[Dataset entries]
○ ○ ○ ○

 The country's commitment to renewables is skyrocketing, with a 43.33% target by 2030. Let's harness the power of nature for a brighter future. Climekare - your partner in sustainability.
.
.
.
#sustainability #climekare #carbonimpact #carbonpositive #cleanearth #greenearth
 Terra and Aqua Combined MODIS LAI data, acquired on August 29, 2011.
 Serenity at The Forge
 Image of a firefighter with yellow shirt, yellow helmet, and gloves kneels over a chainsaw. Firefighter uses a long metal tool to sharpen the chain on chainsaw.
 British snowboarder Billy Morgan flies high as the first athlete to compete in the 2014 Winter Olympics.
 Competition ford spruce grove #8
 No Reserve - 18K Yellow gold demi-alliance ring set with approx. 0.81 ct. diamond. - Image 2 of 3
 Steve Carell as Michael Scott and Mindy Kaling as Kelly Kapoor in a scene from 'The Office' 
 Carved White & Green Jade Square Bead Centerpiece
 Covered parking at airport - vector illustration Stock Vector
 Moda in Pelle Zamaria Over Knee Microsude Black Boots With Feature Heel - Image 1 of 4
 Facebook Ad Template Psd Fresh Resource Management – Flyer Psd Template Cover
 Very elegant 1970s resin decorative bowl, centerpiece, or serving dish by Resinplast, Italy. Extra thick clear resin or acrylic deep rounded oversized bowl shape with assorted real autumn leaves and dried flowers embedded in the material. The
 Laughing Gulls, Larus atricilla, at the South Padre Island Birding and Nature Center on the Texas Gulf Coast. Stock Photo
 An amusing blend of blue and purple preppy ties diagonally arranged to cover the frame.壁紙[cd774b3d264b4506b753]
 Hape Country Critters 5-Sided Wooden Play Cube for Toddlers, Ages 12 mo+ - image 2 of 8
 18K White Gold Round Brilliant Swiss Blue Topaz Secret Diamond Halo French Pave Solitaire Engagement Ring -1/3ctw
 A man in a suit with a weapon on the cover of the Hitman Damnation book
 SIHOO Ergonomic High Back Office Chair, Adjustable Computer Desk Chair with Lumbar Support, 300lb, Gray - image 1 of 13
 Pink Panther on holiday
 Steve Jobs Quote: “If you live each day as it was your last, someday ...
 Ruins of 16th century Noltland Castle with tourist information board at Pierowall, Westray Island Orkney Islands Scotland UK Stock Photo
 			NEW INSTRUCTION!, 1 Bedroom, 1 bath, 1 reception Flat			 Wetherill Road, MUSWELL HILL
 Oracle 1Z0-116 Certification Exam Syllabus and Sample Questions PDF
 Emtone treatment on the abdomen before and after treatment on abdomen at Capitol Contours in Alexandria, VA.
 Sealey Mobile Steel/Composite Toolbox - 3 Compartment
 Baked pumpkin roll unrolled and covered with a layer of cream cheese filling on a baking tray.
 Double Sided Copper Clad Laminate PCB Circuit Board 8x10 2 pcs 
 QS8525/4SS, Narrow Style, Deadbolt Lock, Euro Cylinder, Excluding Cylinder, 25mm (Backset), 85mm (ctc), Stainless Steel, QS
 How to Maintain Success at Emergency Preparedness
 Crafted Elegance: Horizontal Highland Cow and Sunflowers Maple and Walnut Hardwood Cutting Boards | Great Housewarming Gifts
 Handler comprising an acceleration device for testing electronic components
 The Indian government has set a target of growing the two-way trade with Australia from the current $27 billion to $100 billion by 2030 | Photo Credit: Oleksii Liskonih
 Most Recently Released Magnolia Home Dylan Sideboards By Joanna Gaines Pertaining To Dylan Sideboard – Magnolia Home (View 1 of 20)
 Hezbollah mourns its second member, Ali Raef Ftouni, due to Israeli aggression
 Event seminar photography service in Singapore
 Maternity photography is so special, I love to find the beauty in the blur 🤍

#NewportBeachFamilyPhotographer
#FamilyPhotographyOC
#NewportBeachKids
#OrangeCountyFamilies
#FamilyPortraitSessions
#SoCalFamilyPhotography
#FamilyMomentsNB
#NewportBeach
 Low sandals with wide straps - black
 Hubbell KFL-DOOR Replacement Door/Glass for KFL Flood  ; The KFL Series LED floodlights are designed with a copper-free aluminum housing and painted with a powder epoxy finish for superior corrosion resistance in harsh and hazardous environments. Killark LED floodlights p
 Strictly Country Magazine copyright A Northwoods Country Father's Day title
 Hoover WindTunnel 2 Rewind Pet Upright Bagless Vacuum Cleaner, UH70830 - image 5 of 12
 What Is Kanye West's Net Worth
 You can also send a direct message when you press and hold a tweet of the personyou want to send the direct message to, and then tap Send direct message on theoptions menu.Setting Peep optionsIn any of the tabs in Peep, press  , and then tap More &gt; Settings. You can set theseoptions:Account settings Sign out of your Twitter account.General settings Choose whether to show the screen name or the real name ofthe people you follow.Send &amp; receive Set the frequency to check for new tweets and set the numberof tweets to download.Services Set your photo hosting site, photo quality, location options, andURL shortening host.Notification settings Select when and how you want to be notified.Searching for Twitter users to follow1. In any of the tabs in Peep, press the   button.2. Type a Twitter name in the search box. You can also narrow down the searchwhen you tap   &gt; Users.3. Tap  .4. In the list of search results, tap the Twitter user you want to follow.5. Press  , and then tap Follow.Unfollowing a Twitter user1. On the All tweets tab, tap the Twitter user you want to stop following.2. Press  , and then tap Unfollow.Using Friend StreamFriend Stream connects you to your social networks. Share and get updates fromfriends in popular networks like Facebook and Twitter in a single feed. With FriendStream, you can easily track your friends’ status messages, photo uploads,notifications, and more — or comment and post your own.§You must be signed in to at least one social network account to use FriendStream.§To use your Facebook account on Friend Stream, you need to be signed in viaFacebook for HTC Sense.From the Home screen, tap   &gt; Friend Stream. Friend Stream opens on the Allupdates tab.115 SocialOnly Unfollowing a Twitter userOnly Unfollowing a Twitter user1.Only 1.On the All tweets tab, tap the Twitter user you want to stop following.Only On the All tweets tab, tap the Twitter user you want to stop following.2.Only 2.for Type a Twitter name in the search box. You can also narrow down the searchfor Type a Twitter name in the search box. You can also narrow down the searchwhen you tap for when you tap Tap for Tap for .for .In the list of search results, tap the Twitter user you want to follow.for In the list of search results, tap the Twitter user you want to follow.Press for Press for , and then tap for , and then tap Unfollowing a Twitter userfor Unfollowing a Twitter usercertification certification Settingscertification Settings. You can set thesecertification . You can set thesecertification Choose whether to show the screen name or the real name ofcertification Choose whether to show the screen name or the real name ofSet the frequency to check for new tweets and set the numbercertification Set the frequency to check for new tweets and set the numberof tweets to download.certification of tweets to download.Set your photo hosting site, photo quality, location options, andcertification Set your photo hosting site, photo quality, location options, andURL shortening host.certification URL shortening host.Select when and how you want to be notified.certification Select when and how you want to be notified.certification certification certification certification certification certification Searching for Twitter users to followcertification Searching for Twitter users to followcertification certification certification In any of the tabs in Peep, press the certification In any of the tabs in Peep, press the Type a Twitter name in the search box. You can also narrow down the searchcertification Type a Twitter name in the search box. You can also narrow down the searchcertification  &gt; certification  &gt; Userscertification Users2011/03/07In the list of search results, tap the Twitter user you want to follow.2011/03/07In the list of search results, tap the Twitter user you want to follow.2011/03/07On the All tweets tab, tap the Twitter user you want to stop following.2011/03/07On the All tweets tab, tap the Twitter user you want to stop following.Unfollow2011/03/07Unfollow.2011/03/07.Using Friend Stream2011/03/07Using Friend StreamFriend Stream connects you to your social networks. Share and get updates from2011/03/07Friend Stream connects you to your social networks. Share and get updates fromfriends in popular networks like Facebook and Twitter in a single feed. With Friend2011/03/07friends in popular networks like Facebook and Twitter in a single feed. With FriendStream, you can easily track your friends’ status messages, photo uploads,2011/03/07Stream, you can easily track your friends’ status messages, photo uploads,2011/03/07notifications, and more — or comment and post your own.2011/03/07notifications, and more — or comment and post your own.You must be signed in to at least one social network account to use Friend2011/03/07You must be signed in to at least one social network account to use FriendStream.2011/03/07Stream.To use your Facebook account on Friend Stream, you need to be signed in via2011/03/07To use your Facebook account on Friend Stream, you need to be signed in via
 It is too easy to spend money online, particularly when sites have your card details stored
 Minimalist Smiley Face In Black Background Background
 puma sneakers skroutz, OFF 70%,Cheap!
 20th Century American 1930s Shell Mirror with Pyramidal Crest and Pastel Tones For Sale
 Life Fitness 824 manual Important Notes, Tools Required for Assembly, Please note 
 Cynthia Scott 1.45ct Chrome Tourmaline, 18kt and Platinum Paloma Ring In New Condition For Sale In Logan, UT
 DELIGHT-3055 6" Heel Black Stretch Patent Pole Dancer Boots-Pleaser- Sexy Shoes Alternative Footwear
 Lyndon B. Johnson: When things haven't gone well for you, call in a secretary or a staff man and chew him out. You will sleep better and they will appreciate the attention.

○ ○ ○ ○

Problem description
Reproduce the entries above exactly, but only the lines between the line holding "#NewportBeachKids" and the line holding "Hubbell KFL-DOOR Replacement", inclusive.

Task response
#NewportBeachKids
#OrangeCountyFamilies
#FamilyPortraitSessions
#SoCalFamilyPhotography
#FamilyMomentsNB
#NewportBeach
 Low sandals with wide straps - black
 Hubbell KFL-DOOR Replacement Door/Glass for KFL Flood  ; The KFL Series LED floodlights are designed with a copper-free aluminum housing and painted with a powder epoxy finish for superior corrosion resistance in harsh and hazardous environments. Killark LED floodlights p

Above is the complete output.